Все трое вошли в дом. Миновав крохотную прихожую, Нексин оказался в просторной гостиной, она же, судя по тому, что вдоль одной из стен был буфет с посудой, мойка и газовая плита, служила кухней. В помещении царили идеальная чистота и порядок, несколько тяжел был воздух, в котором сильно ощущался запах лекарств, используемых сердечниками или как успокоительное. За большим круглым столом, посредине столешницы которого стоял электрический самовар, сахарница и корзинка с печеньем, сидела лет трех-четырех девочка и рисовала в альбоме цветными карандашами. Светленькая, с двумя короткими косичками, в которые были вплетены красные ленты, она вежливо, но равнодушно поздоровалась и продолжила свое занятие, привыкшая, видимо, что из-за последних событий сюда приходило много взрослых и посторонних. Теща Кишкелса предложила Нексину с Сизовой присесть и выпить чаю. Нексин отказался, соврав, что только пообедал. Сизова сказала, что не может долго оставаться. В это время открылась одна из двух дверей, выходивших в другие комнаты, и на пороге появился мальчик постарше — лет семи. Он, как и сестра, был тоже белобрыс, аккуратно одет: на нем были темные брюки и свитер, резко контрастирующие с бело-розовой кожей круглого лица, выражение его было страдальческое, глаза мокрые, и под ними синие припухшие круги от частого вытирания слез. Он молчал, разглядывая пристально, как показалось Нексину, новых людей. Наконец, бабушка сказала ему, что скоро освободится, а пока пусть посидит у себя. Мальчик закрыл за собой дверь; теща Кишкелса сказала, что внук уже все понимает, к тому же сильно впечатлительный, поэтому ему не следует присутствовать при разговоре взрослых. Она стала рассказывать Нексину о том, что слышала от своего зятя в последние дни. Во многом повторяла из того, что уже успел от нее услышать Нексин, но с подробностями, которые, похоже, сама и выдумала; пару раз ее была даже вынуждена останавливать Сизова. Нексин слушал не перебивая. Когда теща Кишкелса закончила свой рассказ, Нексин попросил Сизову за нее изложить все на бумаге на его имя. Сизова попросила у девочки из альбома чистый лист и стала писать очень старательно, почерком крупным, как у школьницы, изредка поглядывая на Нексина настороженными глазами, в которых был и испуг оттого, что стала невольным свидетелем чужого разговора, и обычное житейское любопытство: что будет дальше?..

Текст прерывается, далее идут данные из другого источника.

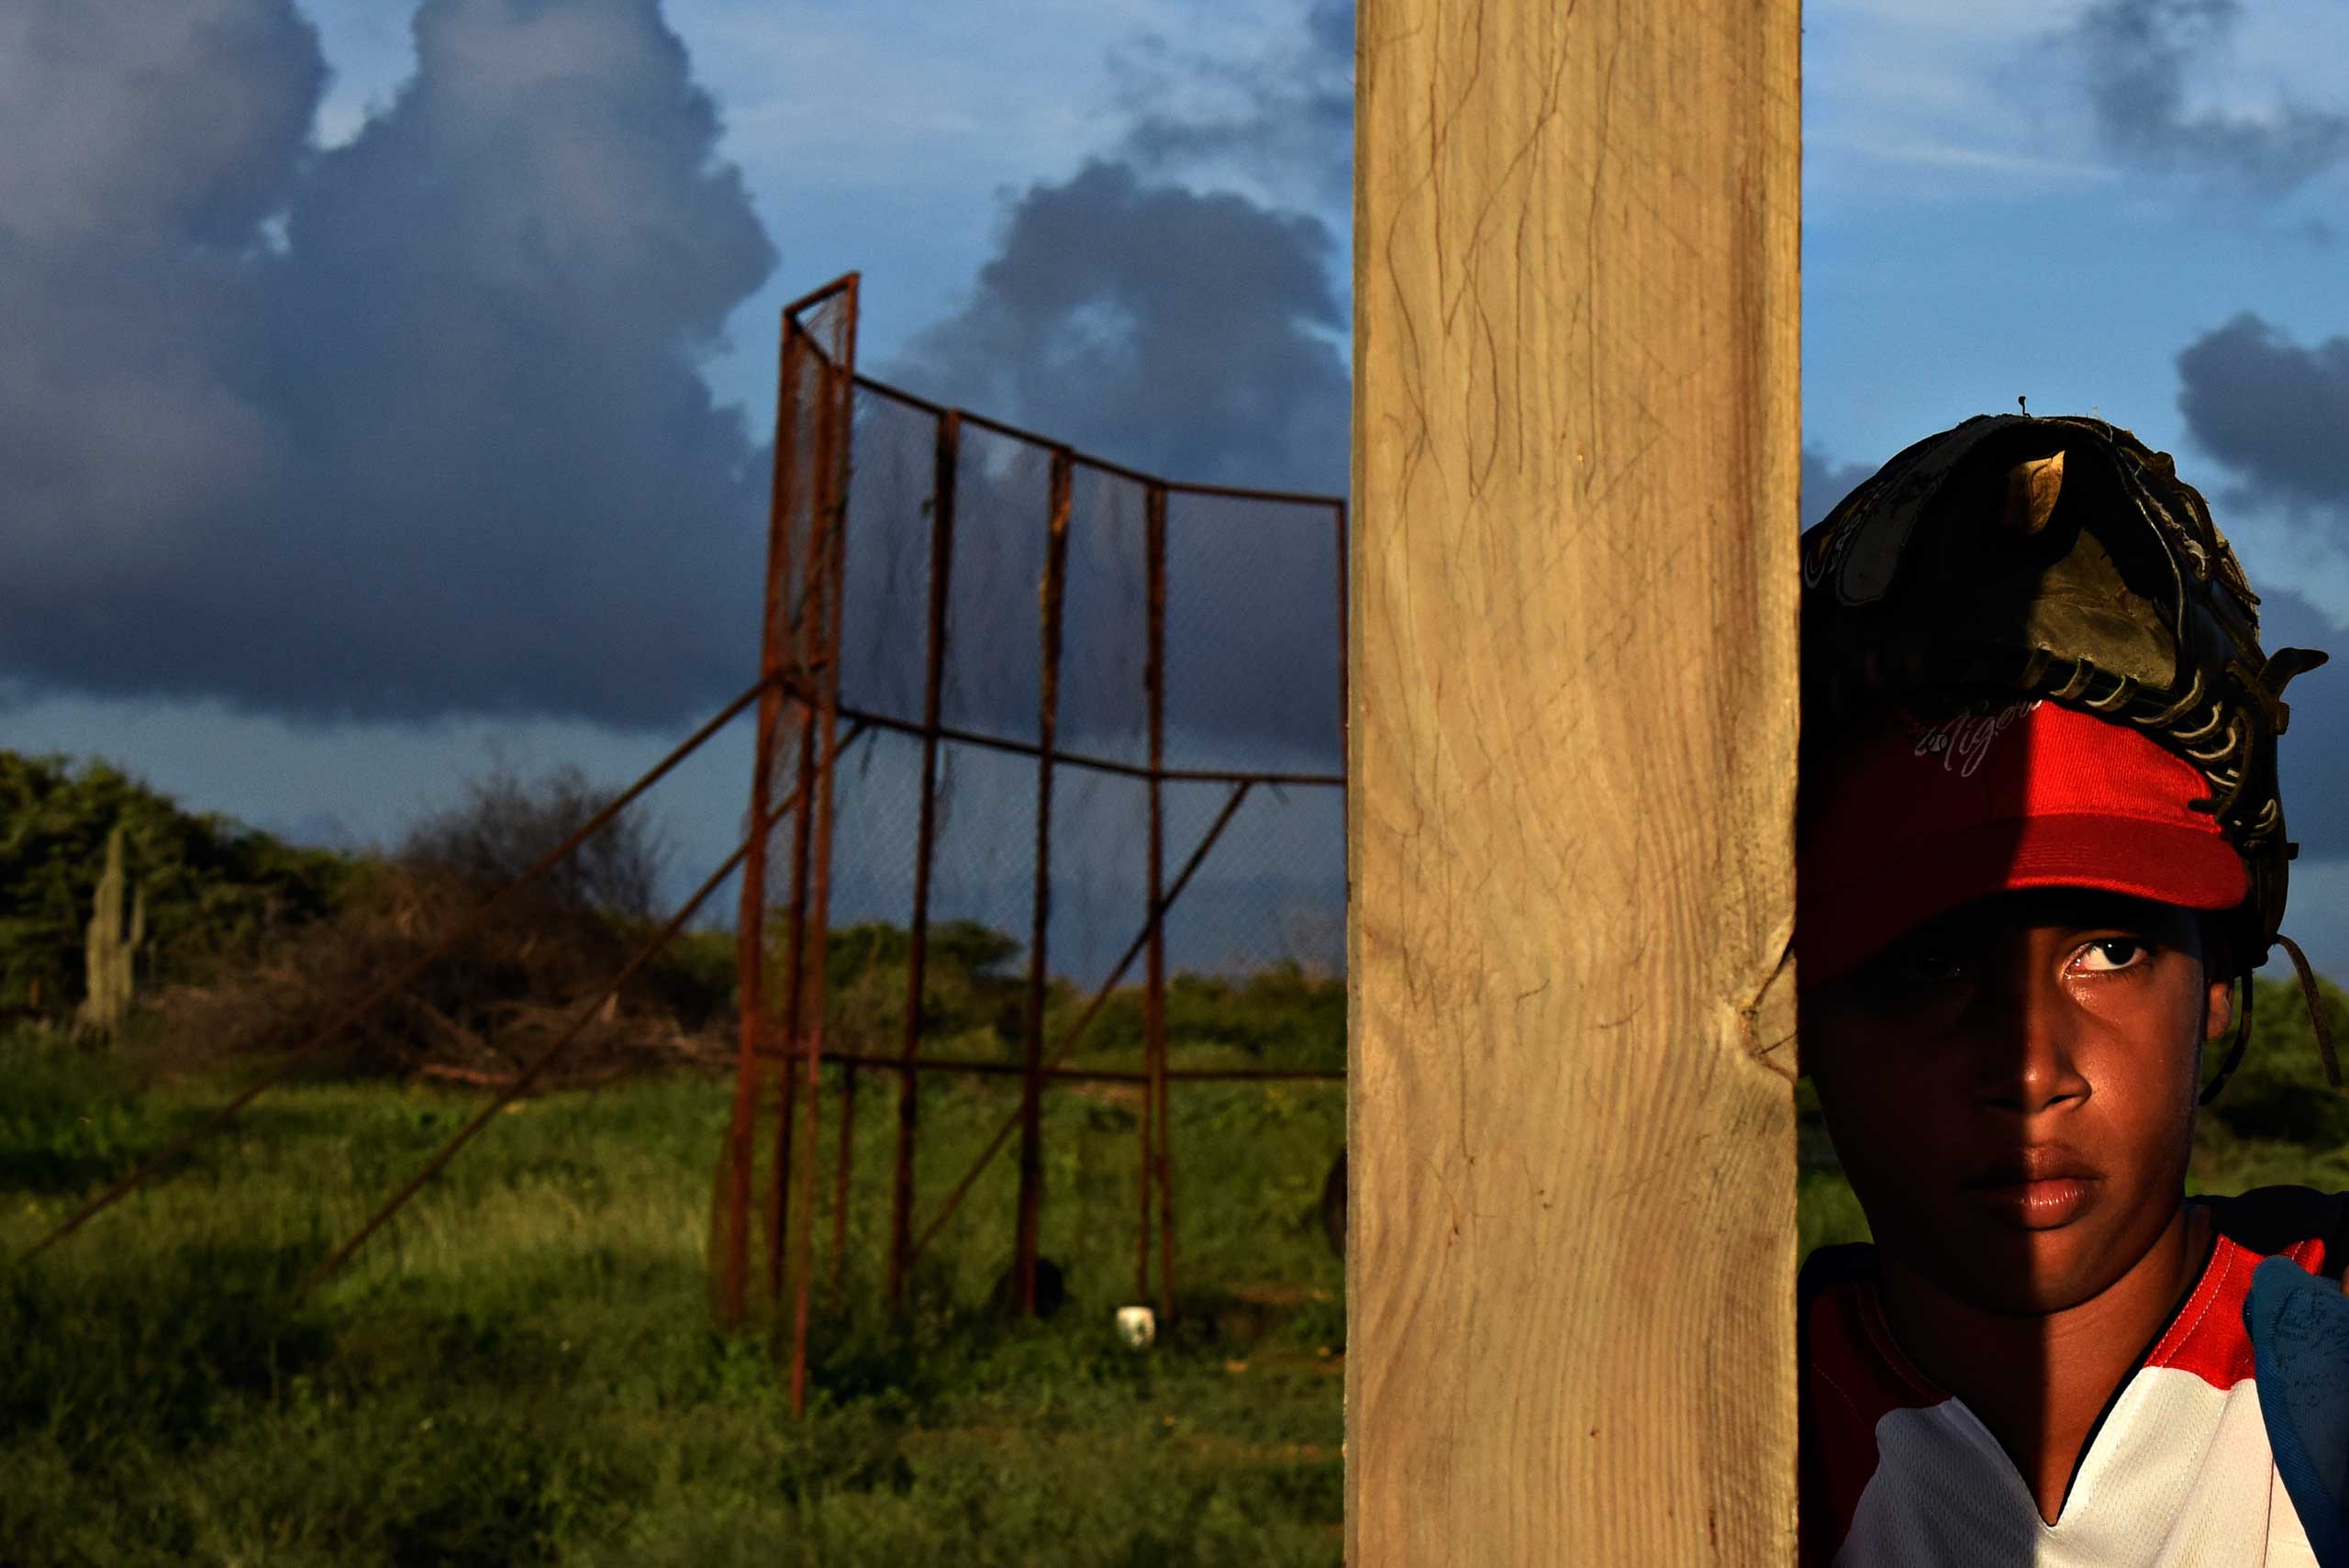 The New York Times: An Unlikely Source of Big TalentA boy on a baseball field in Tera Kora, Curacao, Dec. 10, 2014. Despite —or perhaps because of—the rough fields, the tiny island near Venezuela has become a source for numerous major league baseball stars.

Теща Кишкелса все то время, пока писалось заявление, молча стояла за спиной Сизовой, внимательно всматриваясь в текст. На лице старухи было выражение удовлетворенности и даже торжества от происходящего.
Нексин не мешал им; ему в какой-то момент показалось, что такое уже происходило с ним, точно так же у кого-то в доме, при похожих обстоятельствах, однако не стал напрягаться памятью: где, когда? Знал, что так могло быть, потому что брал подобные заявления и у себя в кабинете обкома, и на производствах; и всегда его удивляла вера и наивность писавших о личном, наболевшем, ожидавших какую-то справедливость. Нексин в таких случаях подтверждал пишущим и заявителям, что приложит все усилия, чтобы разобраться в том или другом деле. Иной раз даже решал вопросы в пользу заявителей, но тогда не упускал возможности выдать это за свою особую заботу и заслугу, чтобы его похвалили, а некоторым так и прямо говорил, что могут обратиться с благодарственным письмом к его руководству. В этом было проявление того, что теперь принято называть в современном обществе умеренной любовью к ближнему со стороны власти, что на самом деле есть просто «упражнение политиков в порядочности и милосердии, которое они делают с задней мыслью — приобретения влияния»[5]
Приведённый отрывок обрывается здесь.